Второе дает нам возможность направлять дифференциацию клетки вспять, то есть создавать из обычных клеток организма стволовые. Это тоже открывает некоторые возможности для омоложения человека, допустим, или для регенерации конечностей, как у каких-нибудь милашек аксолотлей.

За относительно короткий срок состоялся целый ряд изменений в развитии технологий в самых разных сферах. Инструменты уже есть, нам предстоит с их применением еще разобраться, тут много тупой машинальной работы. Для того, чтобы эту работу эффективнее совершить, необходимо вводить машинное обучение. Тогда все пойдет гораздо быстрее. Комиссии по этике видят в этом антихриста, конец света. Не хотелось бы с ними спорить, хотелось бы скорее иметь больше инструментов и видеть результаты. По-моему, это как запрещать порох на поле боя. Пока ты будешь вставлять палки в колеса, твой соперник уже будет у твоей двери стоять с ружьем. Из-за своих стереотипов о будущем многие о пришествии революционных изменений ничего так и не будут узнавать, разве что на уровне осязания промежностью компьютера с передатчиком, занявшего свое постоянное место в кармане брюк.

Раньше компьютер занимал целый этаж в здании, а теперь в одной верхней конечности — тик-ток-эротика, другая остается для проталкивания в ротовое отверстие еды или рукоблудия.

Никаким миксером не смешать среду, в которой происходит первичное осознание наступившего нового времени и комфорт свободного течения по информационному поносу. Через мясорубку пройдем мы все, придется учиться на собственных ошибках. Предлагаю отнестись к этому всему с вдохновением.

— Картины Иеронима Босха и мысли Владимира Коколя: возможно ли приподнять канализационный люк и выйти из жизненного лабиринта иллюзий без наркотиков и суицида?

— Можно, другое дело, что стоит задуматься, надо ли оно тебе. Еще можно подумать в очередной раз о мироустройстве, надо ли тебе вообще его покидать. Отвечая на этот вопрос, я покалечился и мог бы умереть. Надо учиться, думать, проводить какую-то работу, играючи познавать мир. Не исключено, что это поможет тебе не на своих собственных ошибках выучить урок капитана Ахава, хозяина Блонди или Виктора Макеева, отделенного от того, что он собой олицетворяет. Надо смотреть на это с разных позиций, на разных уровнях, от коллективного сознания до маугли, наблюдать за исключениями вроде Владимира Коколя, который при жизни не покидал вечность, оставаясь счастливым в мире разноцветных пятен и шума, развлекаясь только тем, что ловил окружающие вибрации — в частности, животом слушал радио.

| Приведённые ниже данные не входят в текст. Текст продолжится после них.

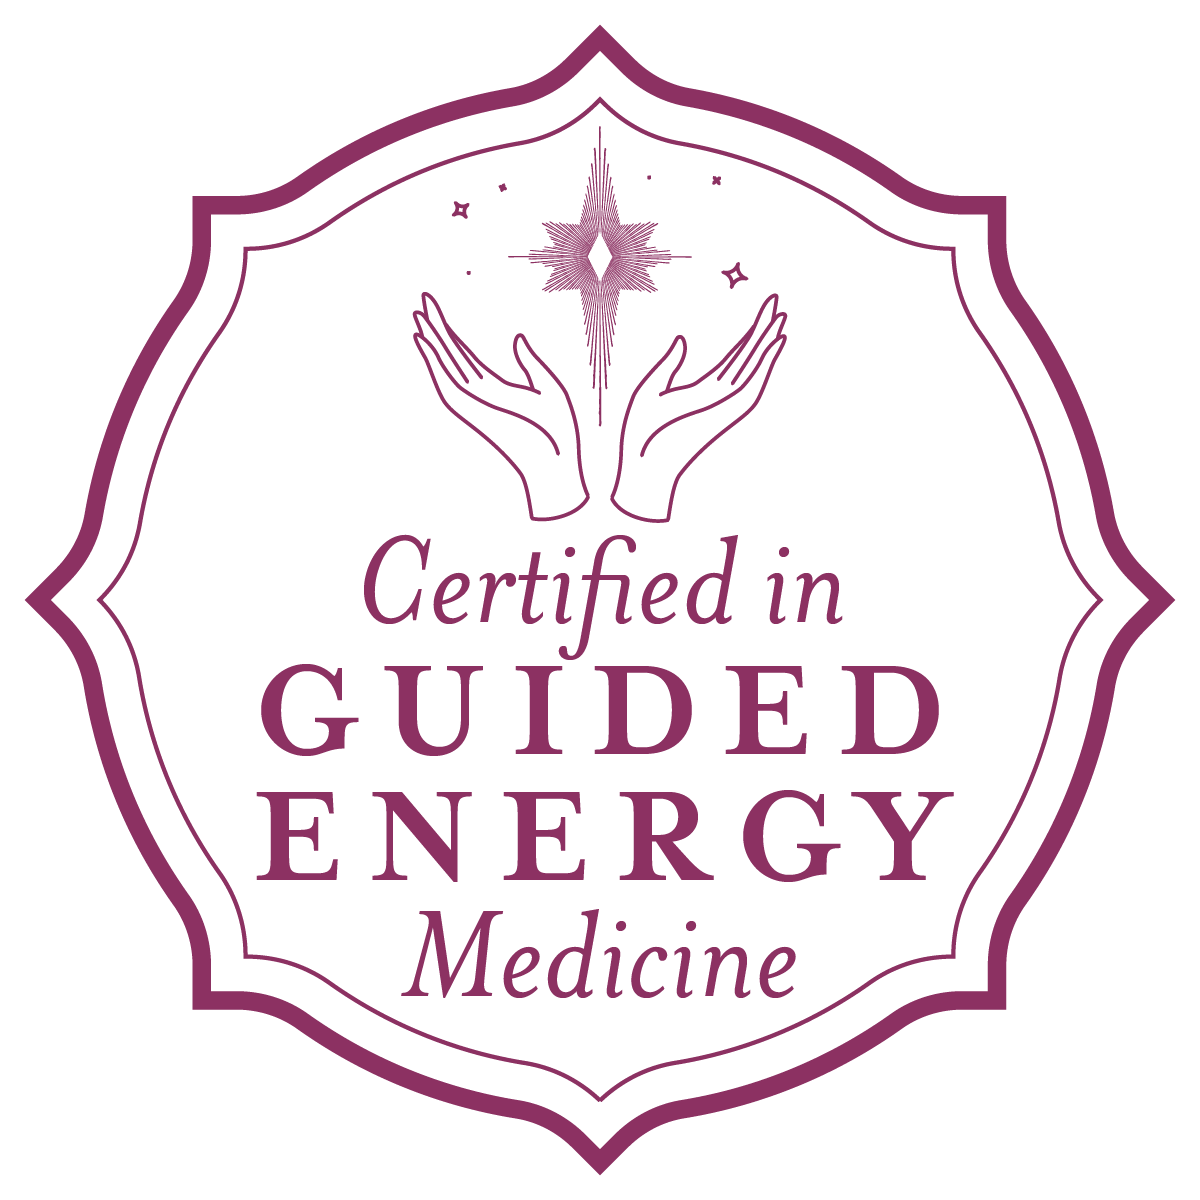 Certified in Guided Energy Medicine

Подумай о своем восприятии, об органах чувств, задавай себе разные вопросы о том, какова была бы жизнь без негативных эмоций и стимулов.

Прекрасное место для раздумий — парковые кладбища в Берлине, там можно набрести на могилы прусских гарнизонов, сгинувших в золотых облаках хлора в безумном штурме, людей, которые сотни лет назад ходили в париках, и тела их современников уродовала оспа, на склепы непонятных тебе людей, чьи стены украшают египетские знаки темных богов, свастики из циркулей, огненные пентаграммы, крылатые люди, змеи и тому подобное.

Набредешь на колодец на перекрестке кладбищенских улиц, который порос мхом, или на черного мраморного ангела в человеческий рост, и невольно влезаешь в чужую шкуру и думаешь о том, что за геометрию он выстраивал. Что сбылось из того, что он себе представлял?

У меня такое ощущение, что все мои желания сбываются, а я очень желал всегда сбросить телесные оковы, раствориться в чем-то. Мое желание началось со снов наяву, визуализации невозможного, где ты хватаешься за детский мир, окруженный ощущениями счастья и красочными деталями разваленных заводов. Потом начинает не хватать воздуха, ты проваливаешься сквозь песок, тебя зажевывает механизм, открывается воронка, которую ты едва успеваешь разглядеть, и тебя в нее затягивает. В последний момент электрические потенциалы зашкаливают в твоем мозгу, ты чувствуешь себя на поверхности чего-то, а окружающие остаются один на один с твоим низким воплем, который раздается из тебя не твоим голосом, и смотрят, как твои собственные мышцы ломают тебе позвоночник.